▸ **Data shown**
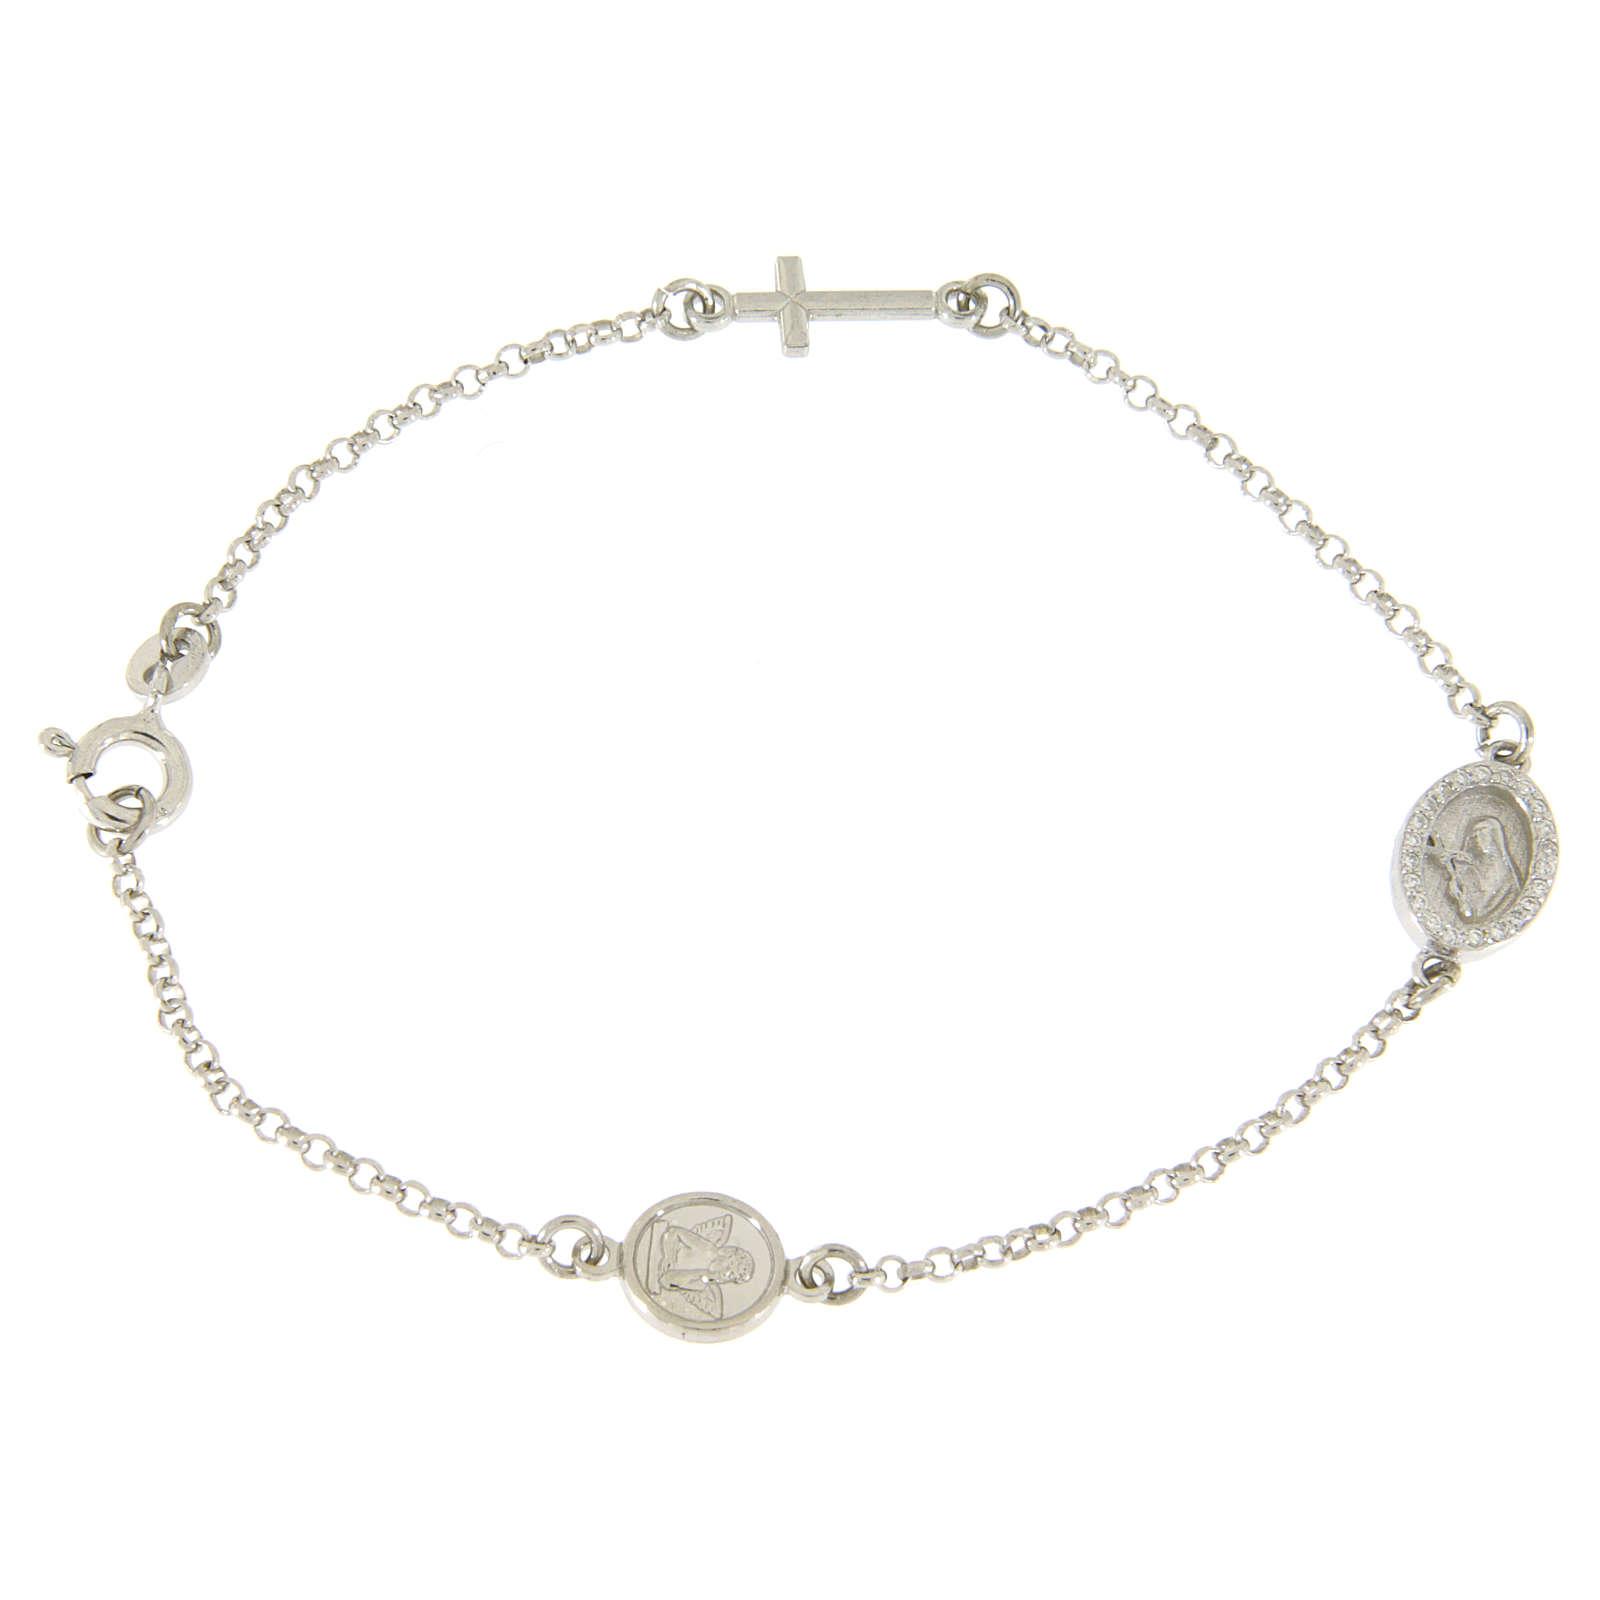 Bracciale in argento 925 con croce e medaglietta con zirconi bianchi 4
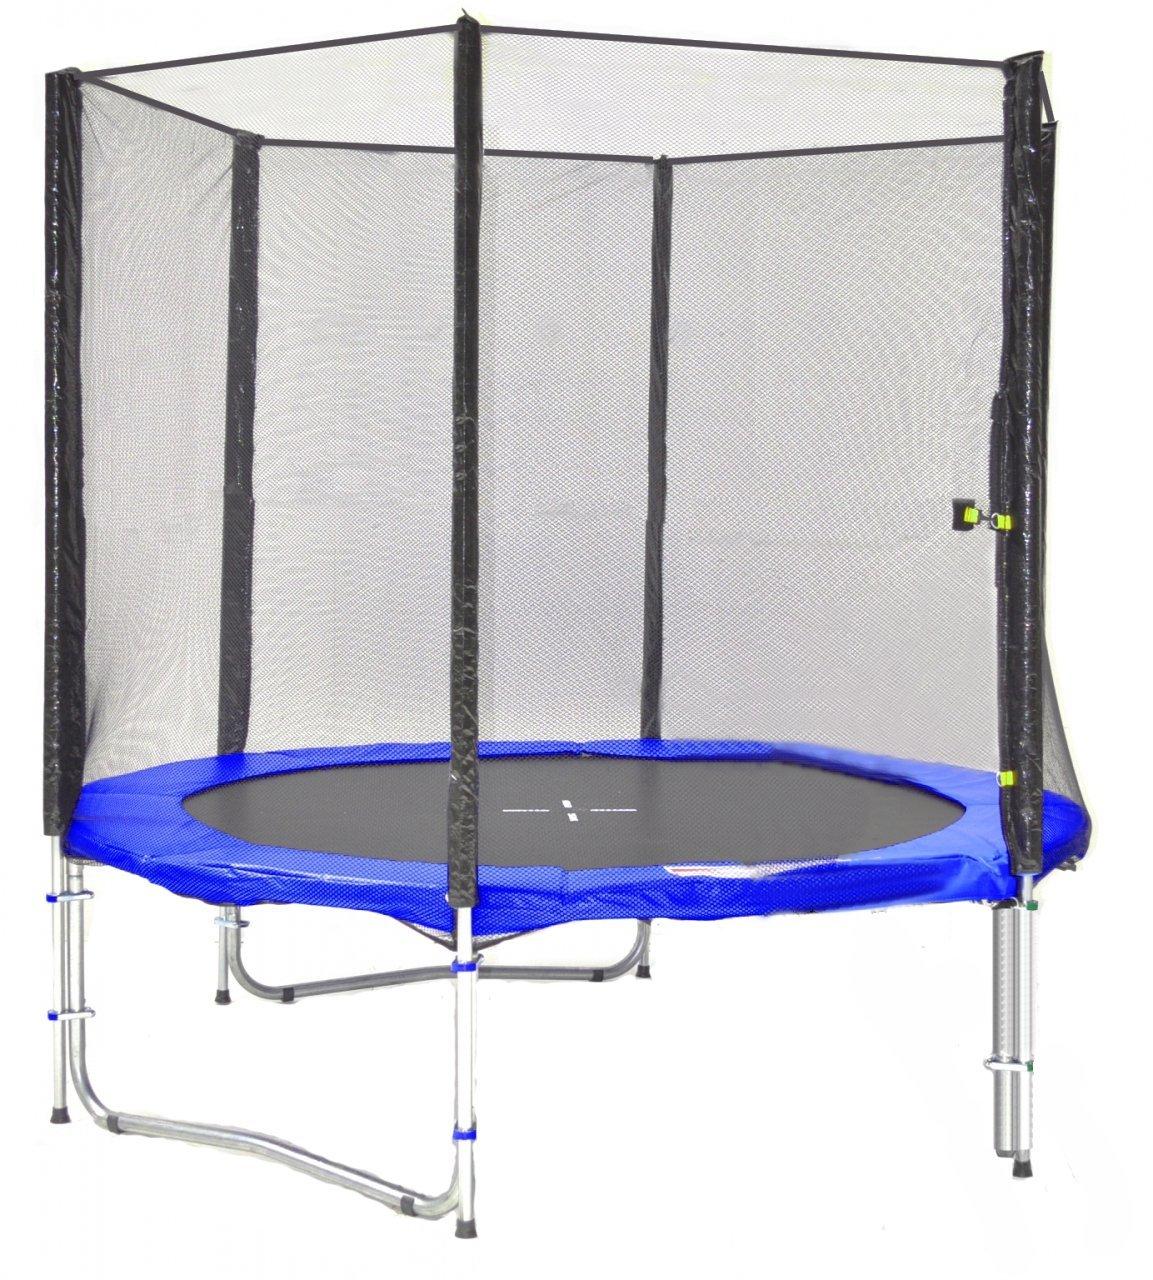 SB-185-B Professionell Gartentrampolin 185cm incl. Netz, und Leiter 90kg Traglast günstig kaufen
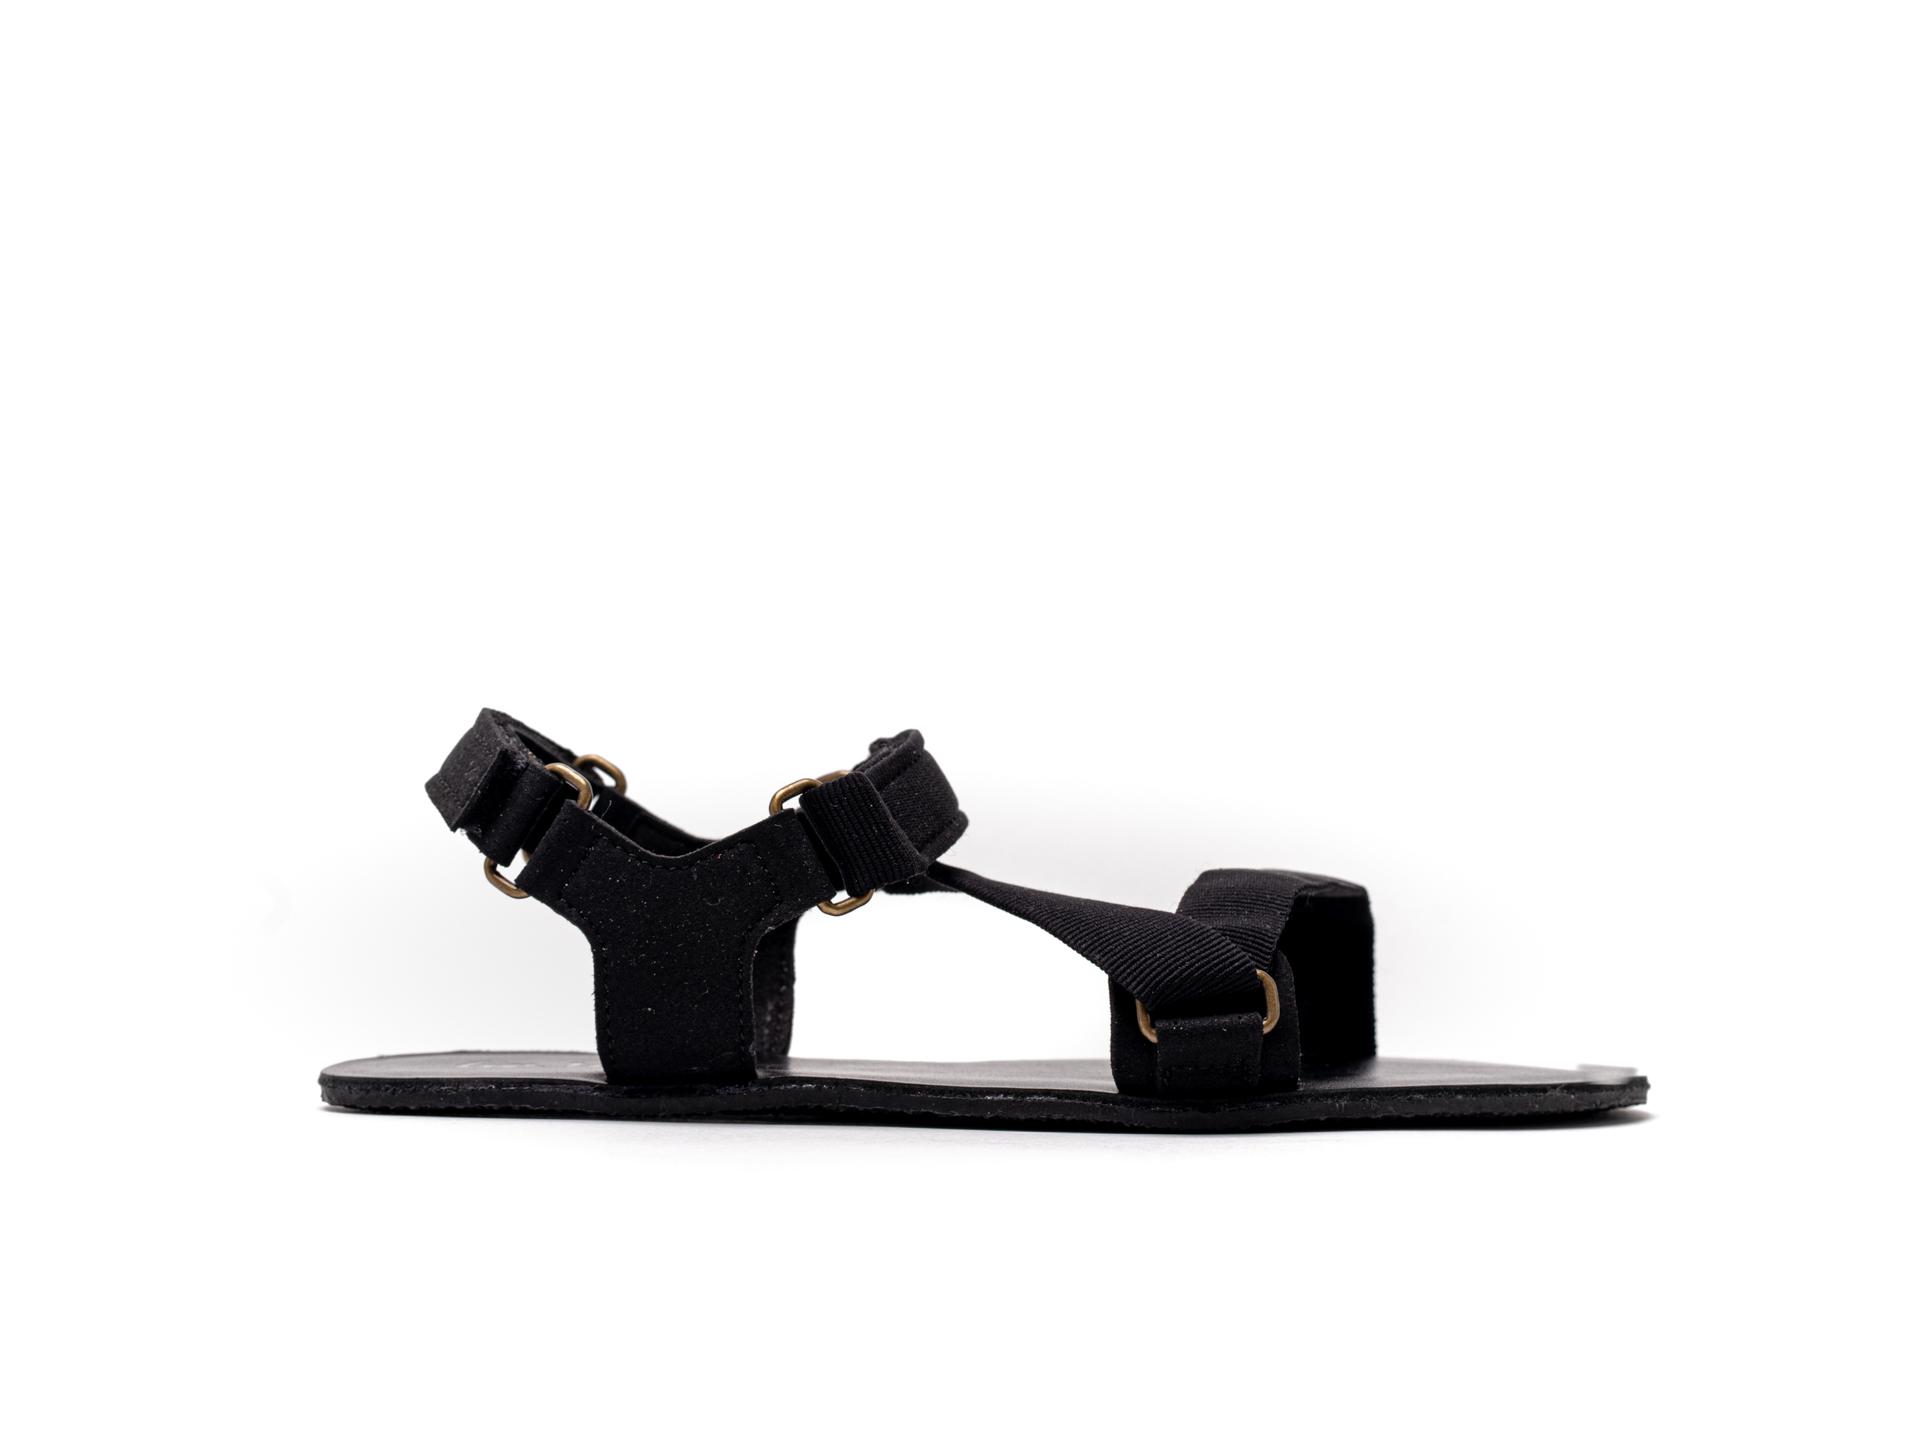 Barefoot Sandals - Be Lenka Flexi - Black 37

▸ **Aim of the exercise**
Write out all of the data above exactly, pictures excluded.

▸ **Solution to the problem**
 Bracciale in argento 925 con croce e medaglietta con zirconi bianchi 4
 SB-185-B Professionell Gartentrampolin 185cm incl. Netz, und Leiter 90kg Traglast günstig kaufen
 Barefoot Sandals - Be Lenka Flexi - Black 37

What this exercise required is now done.